All of these are secure when correctly implemented. (Yubikey use NXP chips. I don't have much to say beyond that, I haven't audited them.) All of them will fall to Shor's algorithm on a quantum computer of sufficient size, but we're not likely to have one of those for a good few years, if they're possible.
I picked up two of the github keys. Never did get them working under OS X. Plug them in and nothing, not recognized by any of their tools, no new keyboard recognized prompt, nothing. Anyone else have trouble with them on OS X?

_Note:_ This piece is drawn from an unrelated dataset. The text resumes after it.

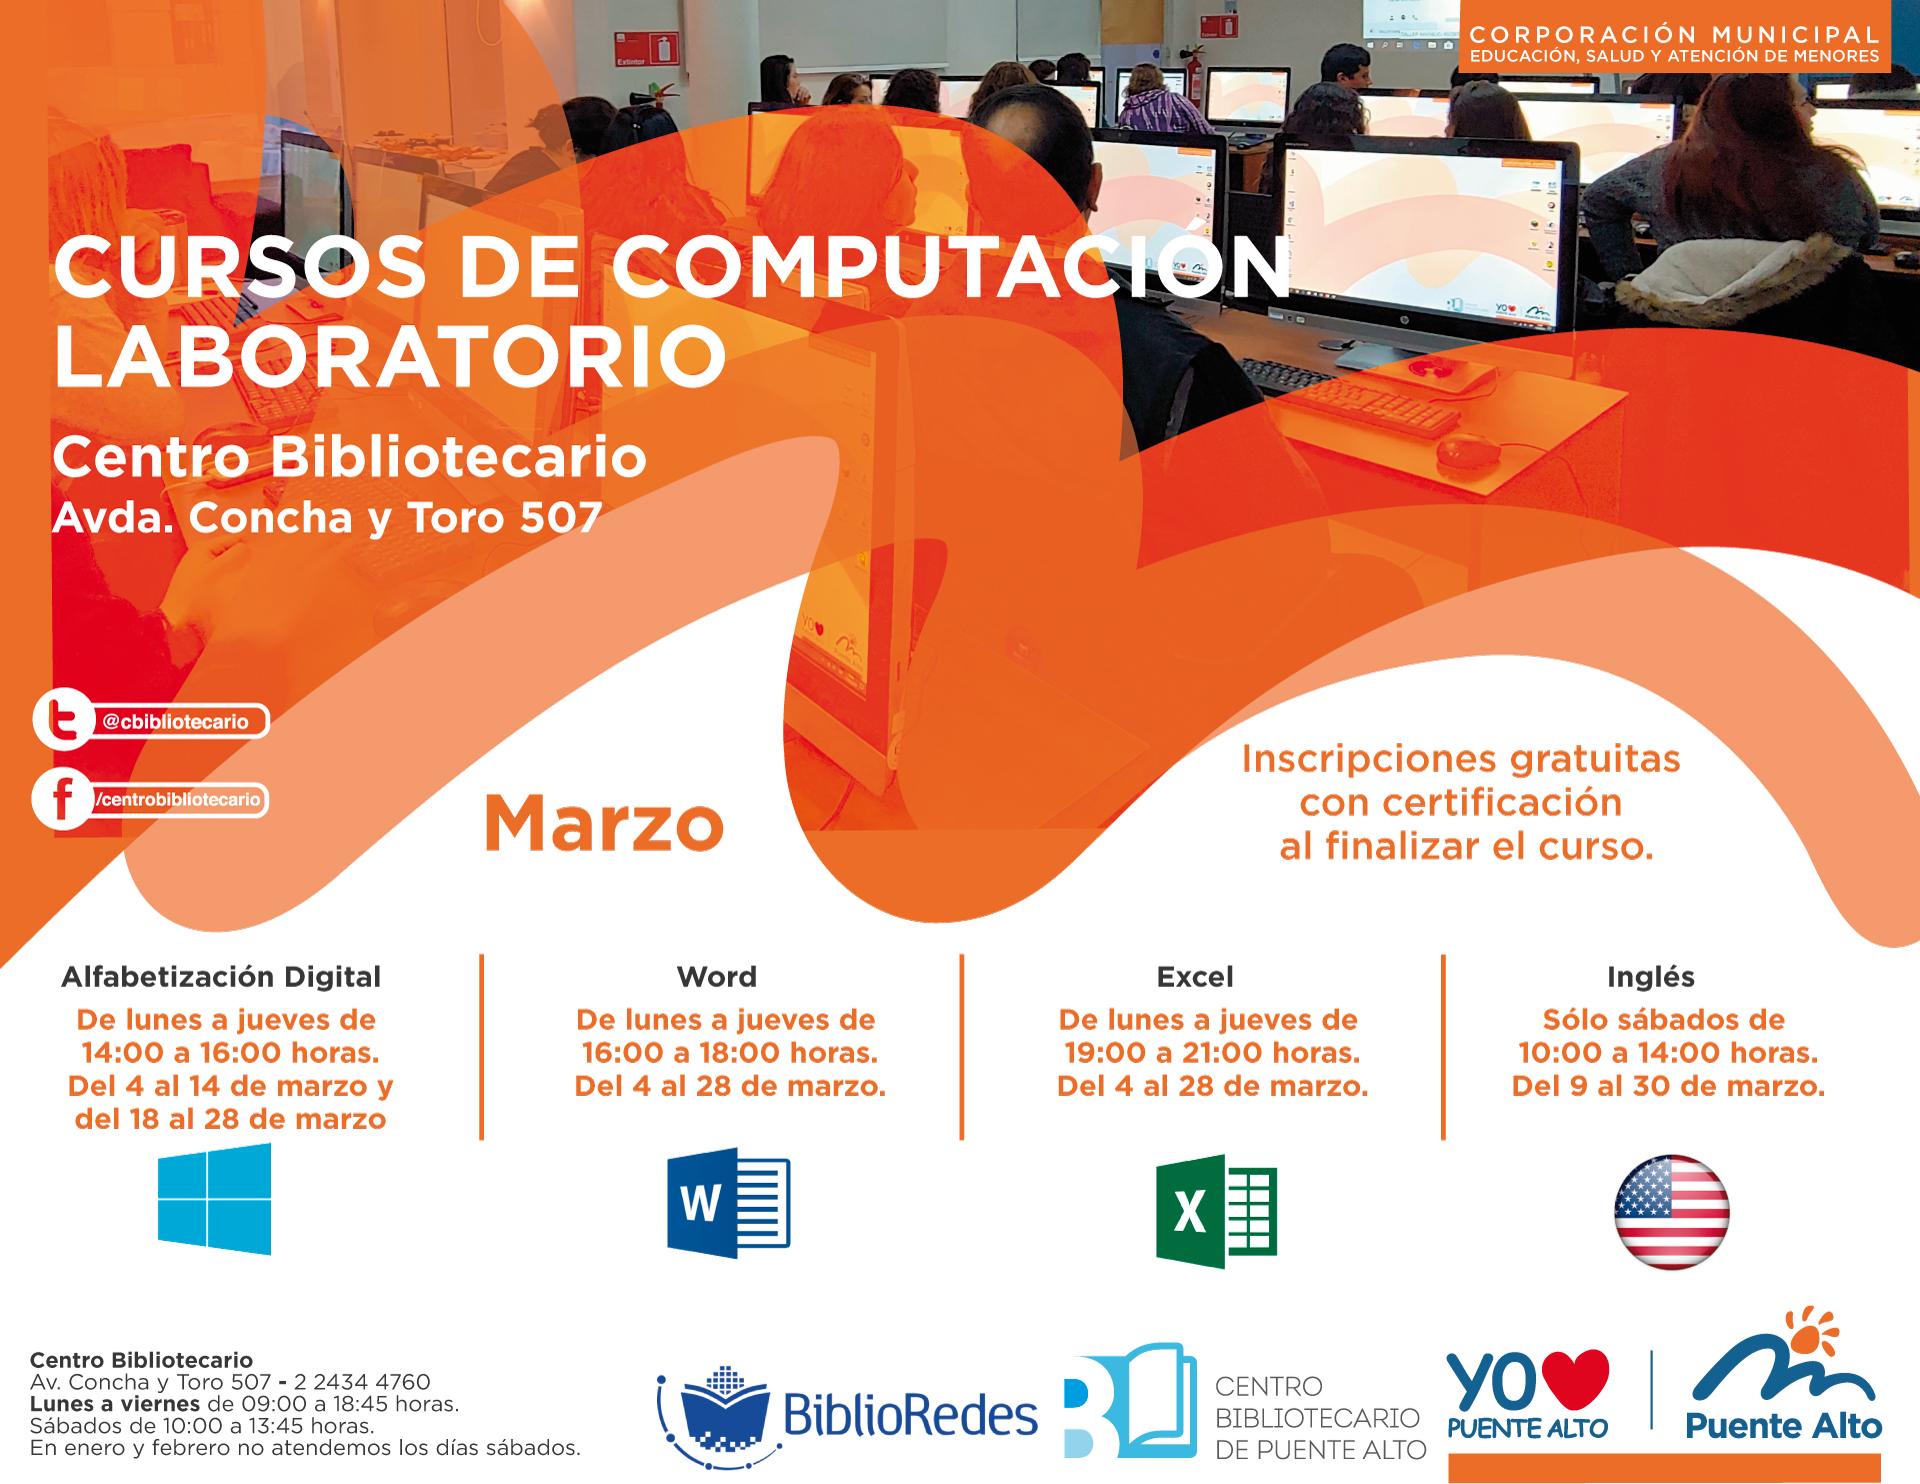 Cursos de Computación Laboratorio Marzo| Biblioteca Central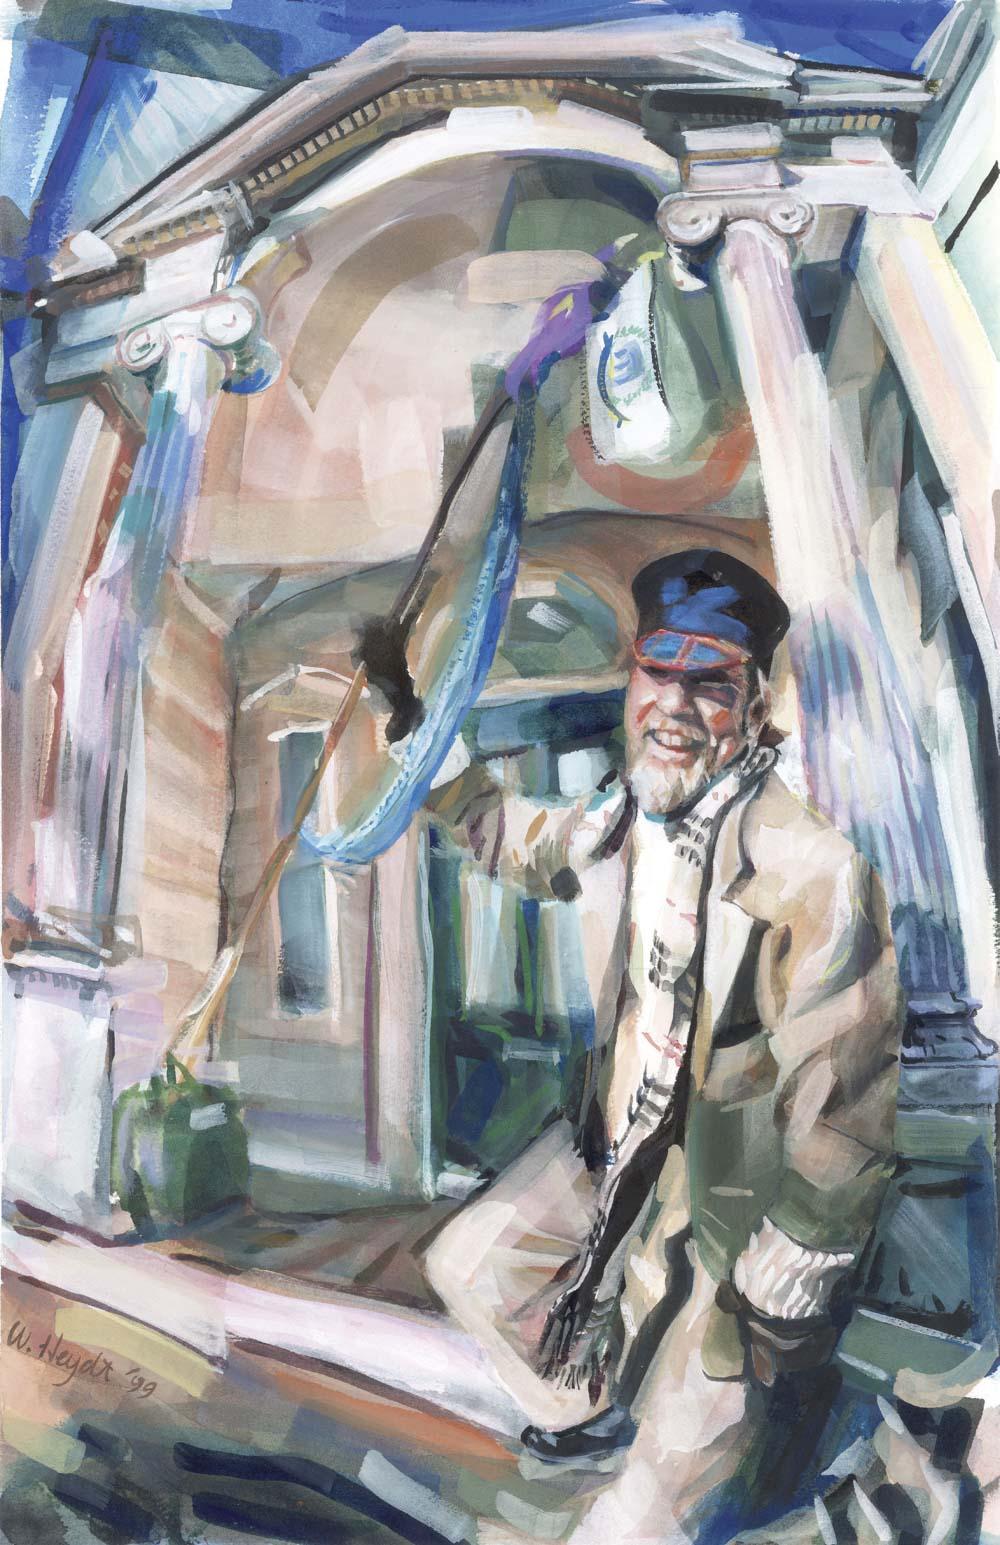 G. Brian Sullivan, Newport's Doctor of Love

I dunno about him, but I do something similar on one of my machines. I use an SCM SPR-532 USB reader with pinpad and an OpenPGP v2 smart card. More info and pictures here - https://grepular.com/Smart_Cards_and_SSH_Authentication
Where did you get the PGP card? Did you donate to become a fellow?
I've been thinking about it, but it's a bit confusing figuring out what cards are compatible and donating to the foundation is nice but a bit expensive.
I got it from kernelconcepts as tokenizerrr said. They seem to have a newer version of the card now which does 4096, so I might have to buy another. Mine only does 2048
4,096 is already an abundance of caution. You might as well say people should go to 32,768 just to be sure. Then somebody else would come along and say, "why not 65,536?"
Indeed. Mostly, it's just a question of whether or not the software will support a key of such size. Typically, I would recommend that, unless you've a good reason to use a smaller key (like support concerns), one should use the biggest key one possibly can use at the time the key is generated. Though, if one is doing key rotation as one should be, one can always adjust up as needed as time goes on.
Not really, especially in the context of RSA keys, because:
1. RSA is a slow algorithm and gets slower as you increase the key size.
2. Increasing the key size gets diminishing returns on the security margin. Given the performance and compatibility issues, the relatively minor improvement in security once you go beyond a certain key size is not worth it (you should switch to a better algorithm instead).
3. Anything over 4096 (possibly anything over 3072) is overkill anyway - if you could break a 4096-bit RSA key, you've probably found a fundamental weakness in RSA that means you should move to a different algorithm entirely.
I think the general consensus was not extending RSA key size, but using elliptic curves instead? (But NIST and Brainpool curves aren't completely trustworthy and Curve25519 is not yet standardized for OpenPGP, so we're practically stuck with RSA at the moment)
"8192 bit keys are horrible insane from all POVs: There is no extra security because the security is based on the weakest link and this is definitely not the length of the RSA modulus, they make encryption really slow and thereby reducing the likeliness of widespread encryption use, they only help spreading FUD about the security of the RSA or other algorithms."